# Ohm’s Law and in-series components

ohms-lawseries

I am doing some practice problems based on what I learned today in lecture. However, I am stuck on this problem:

`A 10Ω resistor is in series with a bulb and a 12V source.`

```a. If 8V is across the bulb, what is across the resistor? b. What is the current in the circuit? c. What is the resistance of the bulb? ```

Where would I begin solving what voltage is across the resistor? I do not the current, nor do I have the means to find it (that I can see), thus I can not find what voltage is dropped.
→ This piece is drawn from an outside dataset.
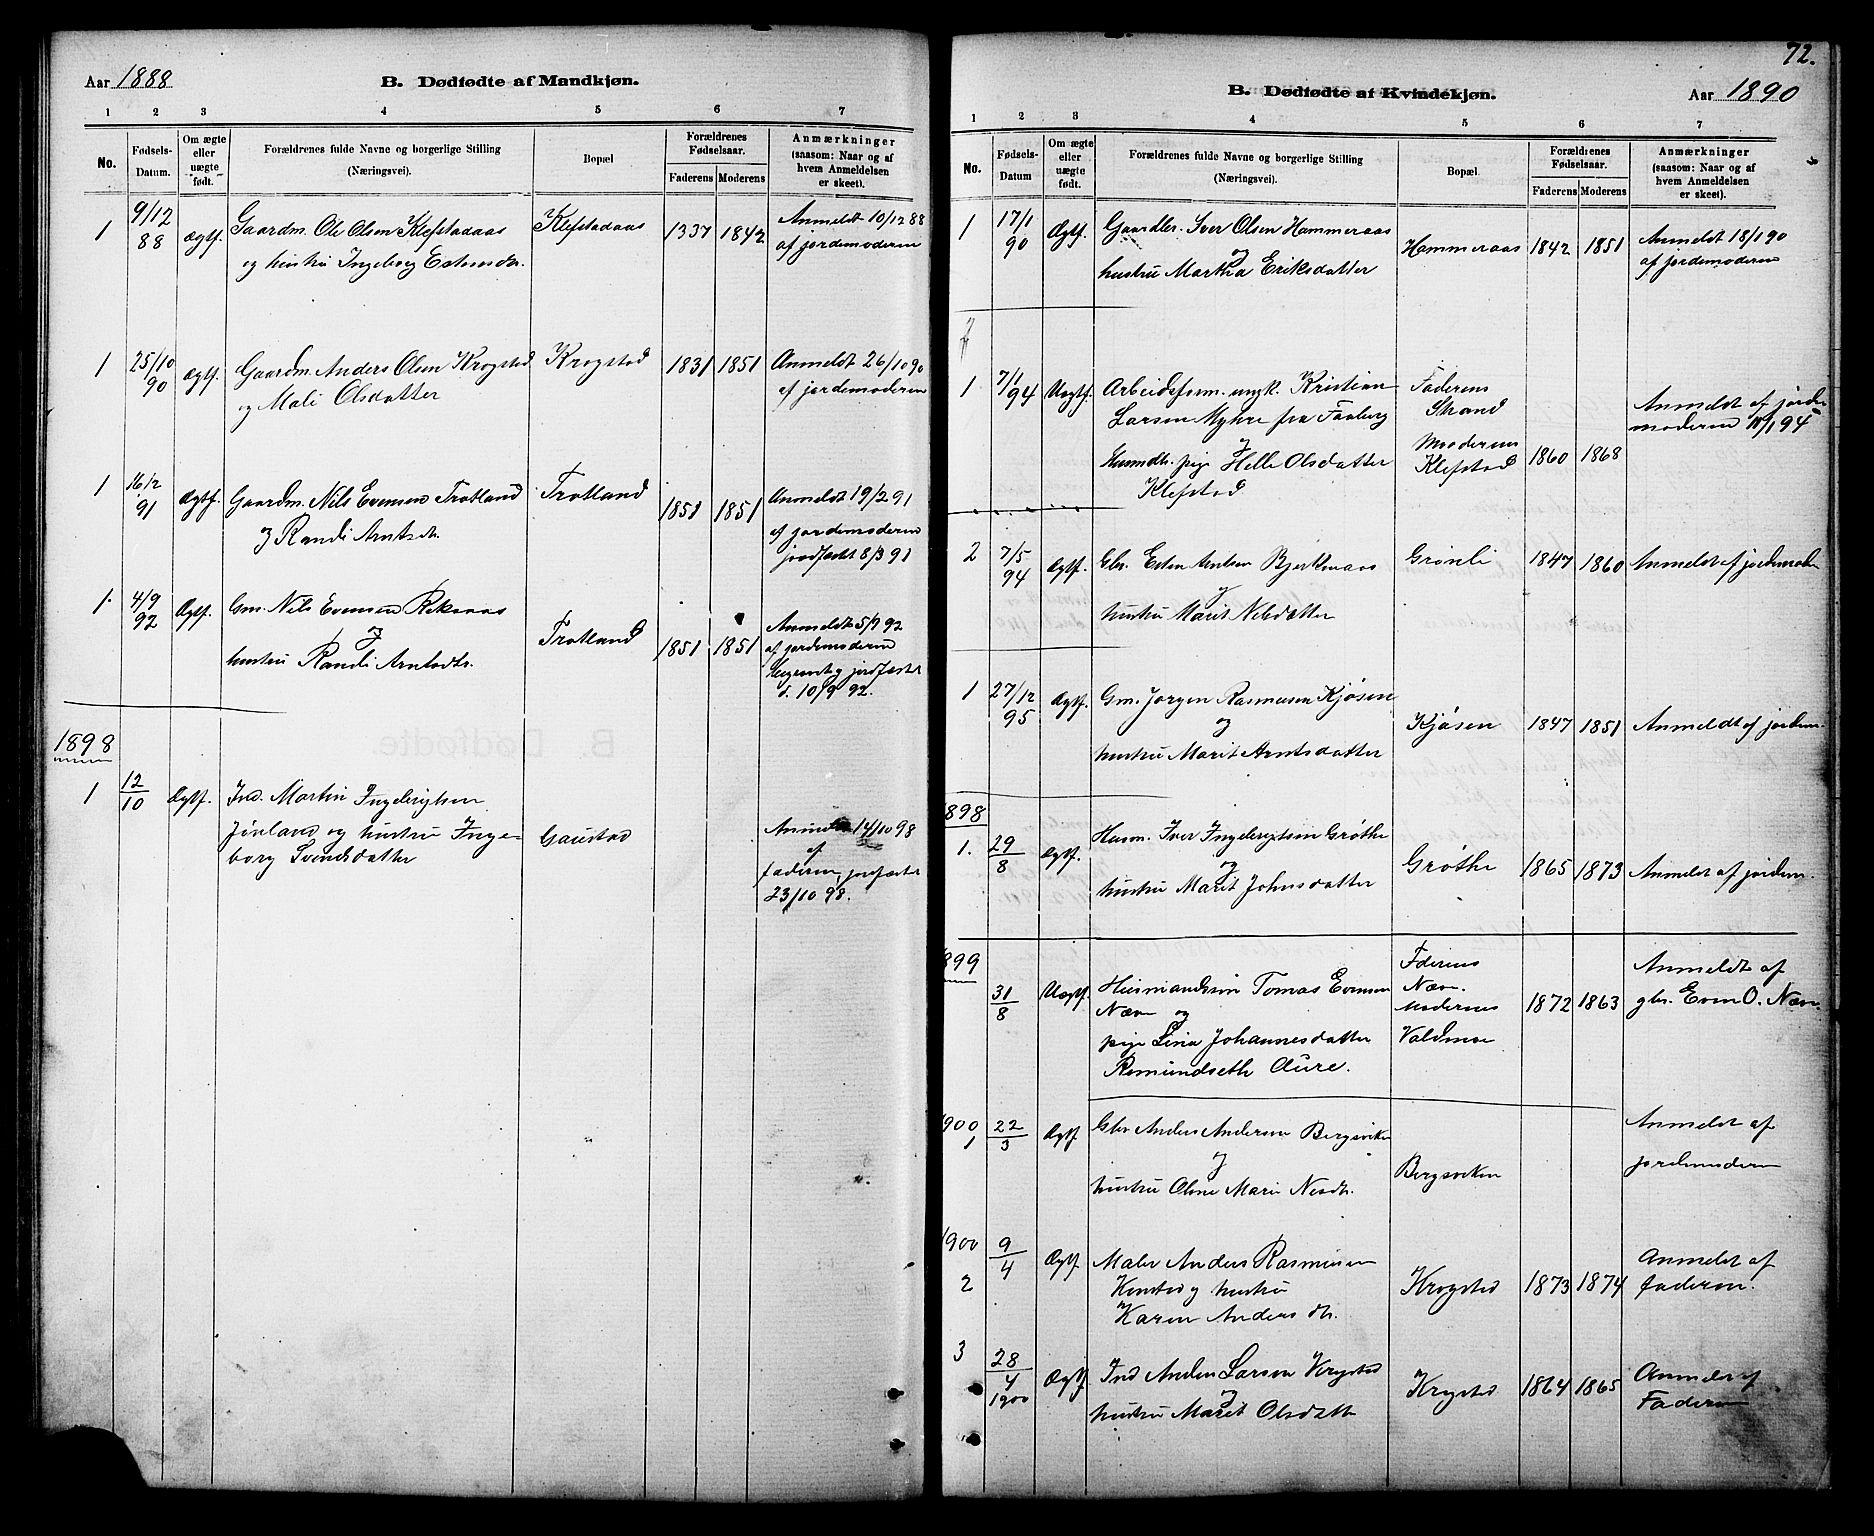 SAT, Ministerialprotokoller, klokkerbøker og fødselsregistre - Sør-Trøndelag, 694/L1132: Klokkerbok nr. 694C04, 1887-1914, s. 72

I am not sure if I can assume the bulb has no resistance, in which case I can solve the problem easily.

#### Best Answer

You need to use KVL around the loop:

simulate this circuit – Schematic created using CircuitLab

KVL says that the sum of the voltages around the loop equals 0. That means that if there is a 12V increase traveling from the negative to the positive terminal of the voltage source, then the voltage must fall by 12V traveling through the bulb and resistor.

The current in the loop can be found using Ohm's Law and from the voltage \\$V\\$ across the \\$10\Omega\\$ resistor you found in part (a).

The resistance of the bulb can then be found using Ohm's Law again: you are given the fact that 8V is across the bulb and from part (b) you know the current through it. Solve for the resistance \\$R\\$.